Storing tables #65

tischi · 2021-10-05T06:48:07Z

An outcome of this hackathon was that we would like to store tabular data in ome-zarr.

I wanted to ask whether we should consider that whatever we store can be easily mapped onto a csv file. Meaning that fromCSV and toCSV should work smoothly such that other software that can work with tables can be interoperable with the tabular content of the ome-zarr.

What do you think?

imagesc-bot · 2021-10-05T06:48:40Z

This issue has been mentioned on Image.sc Forum. There might be relevant details there:

https://forum.image.sc/t/ome-ngff-spatial-omics-hackathon/57337/28

joshmoore · 2021-10-05T07:11:18Z

toCSV will be easy enough. fromCSV will for many (if not most?) cases require extra metadata. There are a number of attempts to provide such metadata, e.g., https://specs.frictionlessdata.io/data-package/

unidesigner · 2021-10-05T08:40:22Z

Just out of curiosity, what is the reason of wanting to store tabular data in zarr, v.s. using some existing, optimized data formats, like Avro, Parquet, Sqlite etc. ?

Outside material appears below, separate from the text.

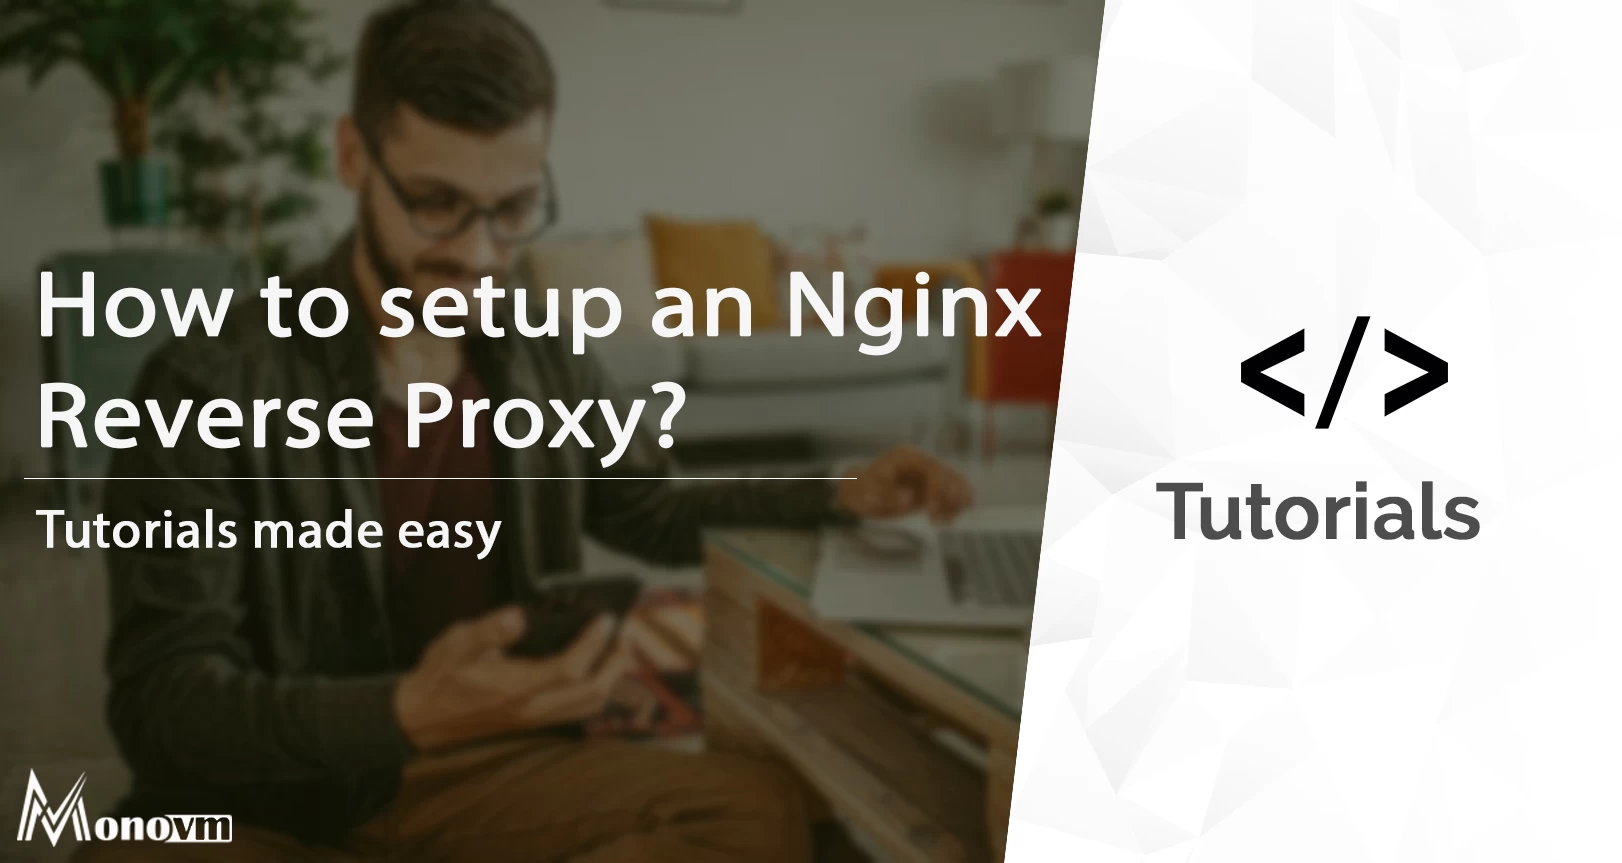 How to setup an Nginx Reverse Proxy

tischi · 2021-10-05T08:50:23Z

I think the point was to be able to efficiently load chunks of the table from an object store. I don't have enough technological knowledge to judge if any of the existing solutions would do the trick. Do you know?

constantinpape · 2021-10-05T09:01:23Z

I wanted to ask whether we should consider that whatever we store can be easily mapped onto a csv file. Meaning that fromCSV and toCSV should work smoothly such that other software that can work with tables can be interoperable with the tabular content of the ome-zarr.

I think that compatibility with csv is desirable, but I am not sure how much can be done about this on the spec level.
I see this as more of a software than data standard question.

Just out of curiosity, what is the reason of wanting to store tabular data in zarr,

I would say the main reason is to provide all relevant data in the same data format and container.
Also note that AnnData, which the proposal is based on, is using zarr as storage already.

tischi · 2021-10-05T09:55:17Z

Also note that AnnData, which the proposal is based on, is using zarr as storage already.

My worry was that AnnData is much richer than a simple table and thus it may be difficult to map it onto a "simple table"? For example, both in Fiji and Napari there are ways to display a table. Do you think that one could also display AnnData in a "simple table viewer"?

constantinpape · 2021-10-05T10:09:58Z

My worry was that AnnData is much richer than a simple table

I don't think that AnnData is much richer than a simple table; at least not the subset that we are discussing here. But we have the major advantage that the dtype for each column is known ...

Do you think that one could also display AnnData in a "simple table viewer"?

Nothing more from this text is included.